Various studies show that obese children and adolescents are several times more likely to be obese in adulthood than those with a healthy body mass index (BMI). In spite of that, according to Paweł Bogdański the exact scale of the problem hasn’t yet dawned on many.
“Polish people still fail to recognise how much of a problem obesity has become in our country,” Bogdański tells us. “One study conducted last year showed that more than 80 per cent of Poles did not perceive obesity as an illness. Instead, they saw it mainly as an aesthetic concern.”
As Bogdański points out, there is a booming market for products advertised as quick-fix solutions to excessive weight: supplements and para-pharmaceuticals, slimming patches, weight loss holidays.
According to Igor Grzesiak, the most pressing need in Poland is to switch to a preventive approach towards obesity, rather than to stick to remedial medicine as the chief solution to the growing problem.

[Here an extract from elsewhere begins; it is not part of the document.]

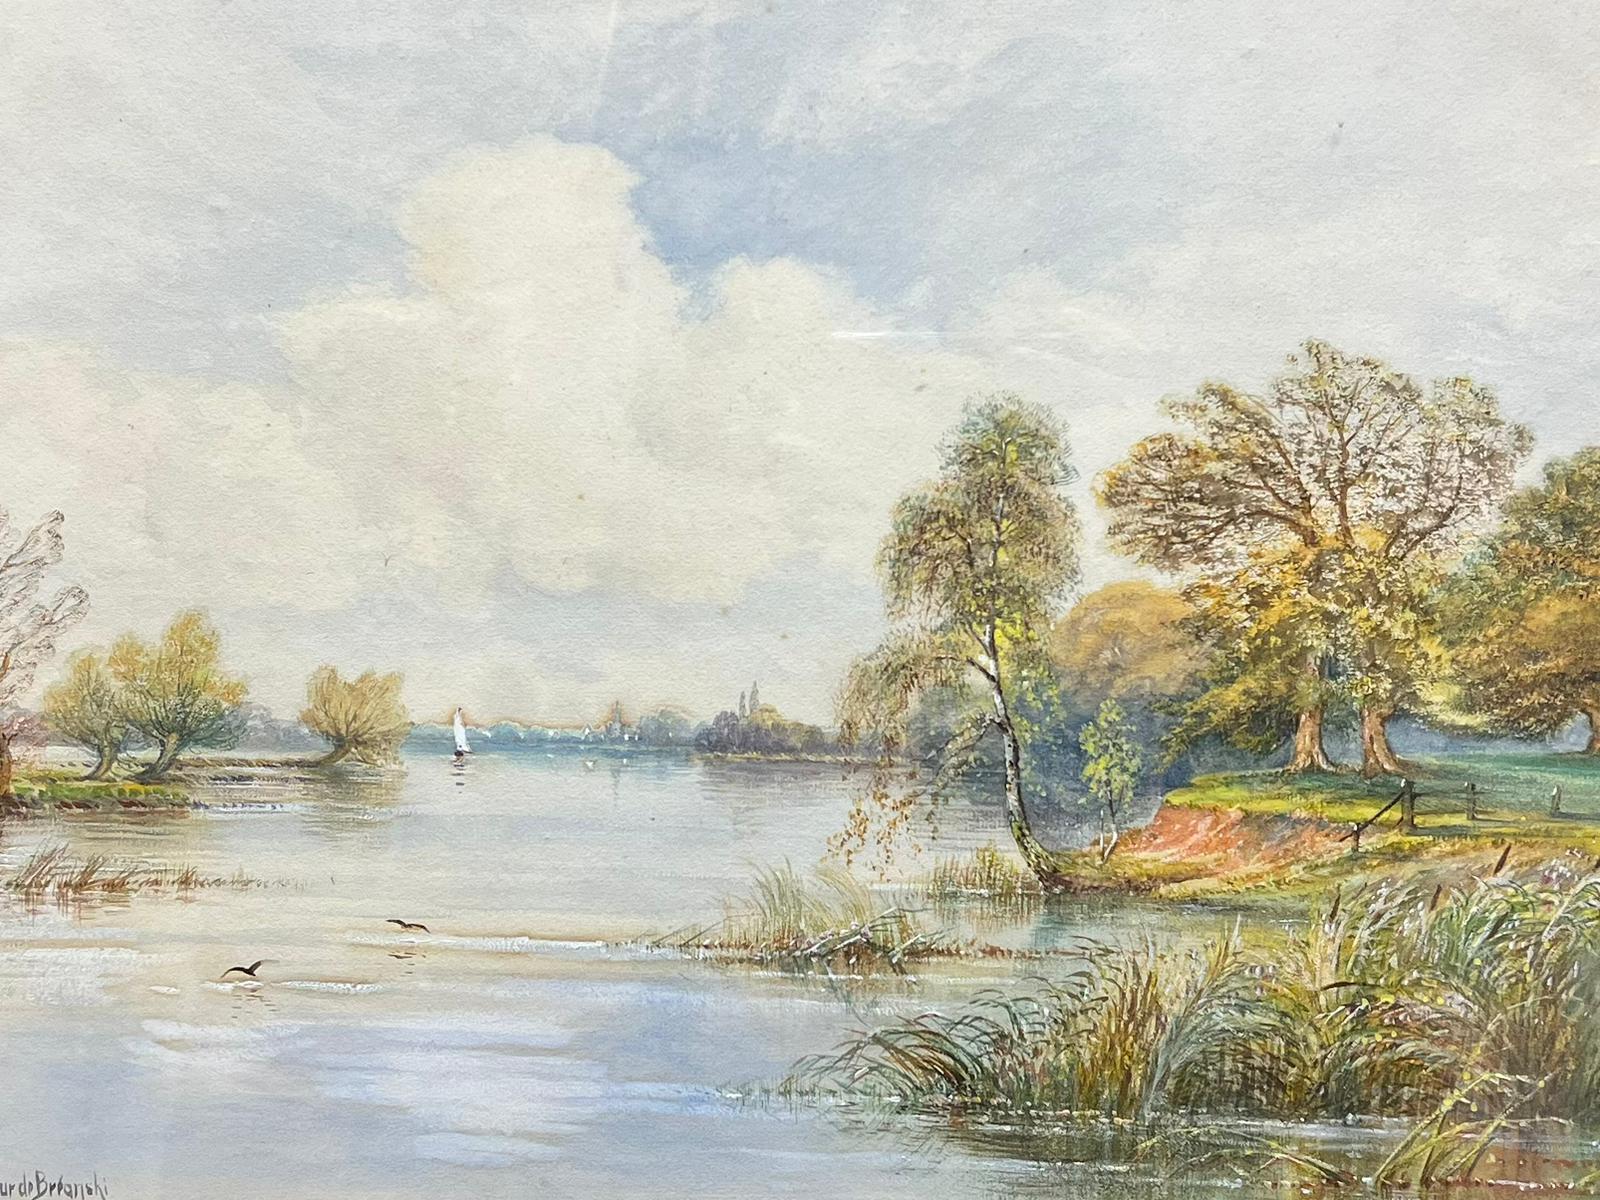 Une journée ensoleillée sur le paysage de la Tamise, peinture britannique ancienne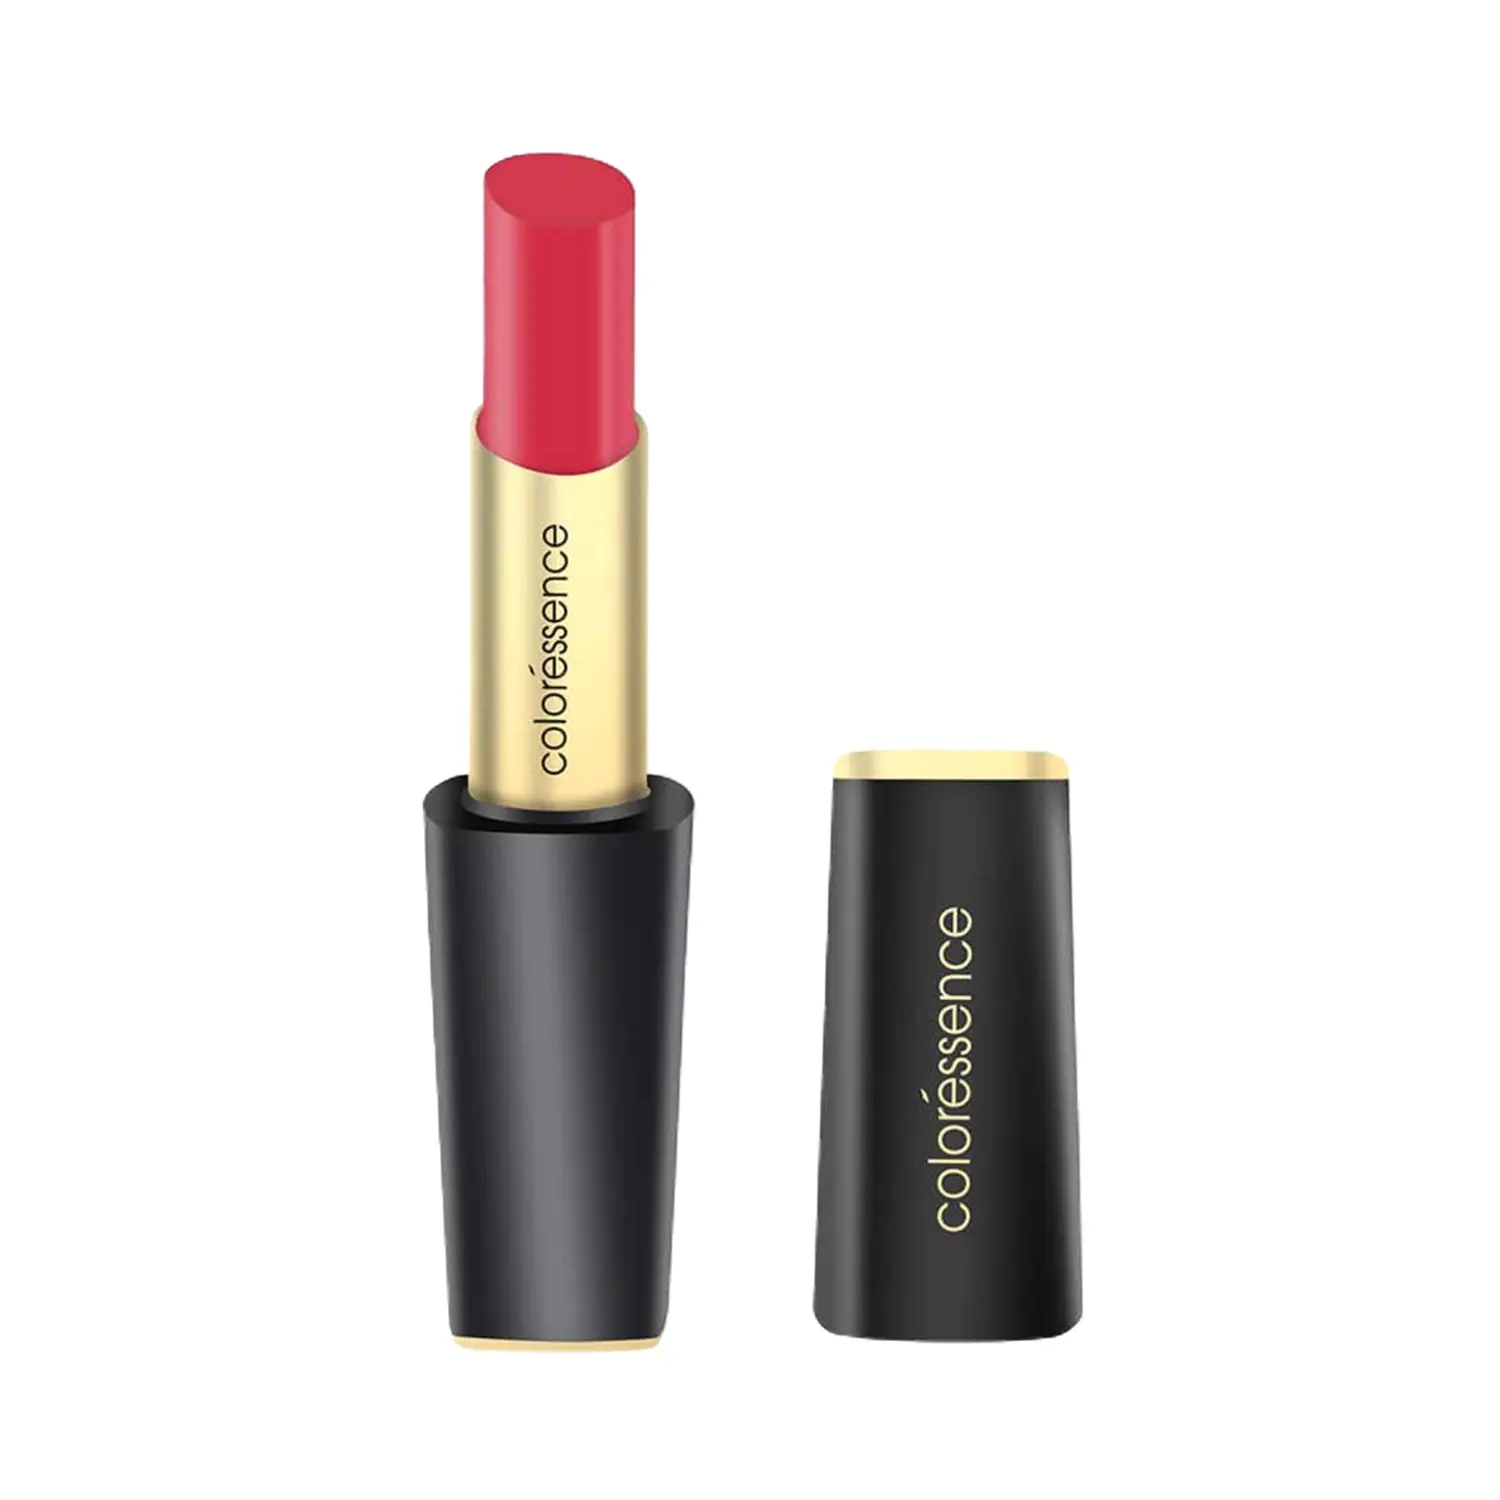 Coloressence | Coloressence Intense Long Wear Lip Color Glossy Lipstick - Ravishing (2.5g)

“More than anything, Poland needs to educate children about the wide-ranging benefits of a healthy lifestyle,” Grzesiak says. “One good way of doing this would be to expand the school curriculum with a course devoted to health-related topics. This would give us the perfect platform to promote all the right attitudes regarding physical activity and eating habits.”
Such an approach, Grzesiak adds, is the cheapest way of fighting obesity there is, especially when contrasted with treating obesity-induced complications in the population at large.
“We also need to make sure that our physical education classes are attractive for children, rather than just a chore. If PE teachers can learn to play to children’s strengths and preferences, children will get into sports and weight loss will follow naturally,” Grzesiak concludes.
Currently, just one in four Polish children meets the recommendations of the World Health Organisation and exercises for at least an hour every day.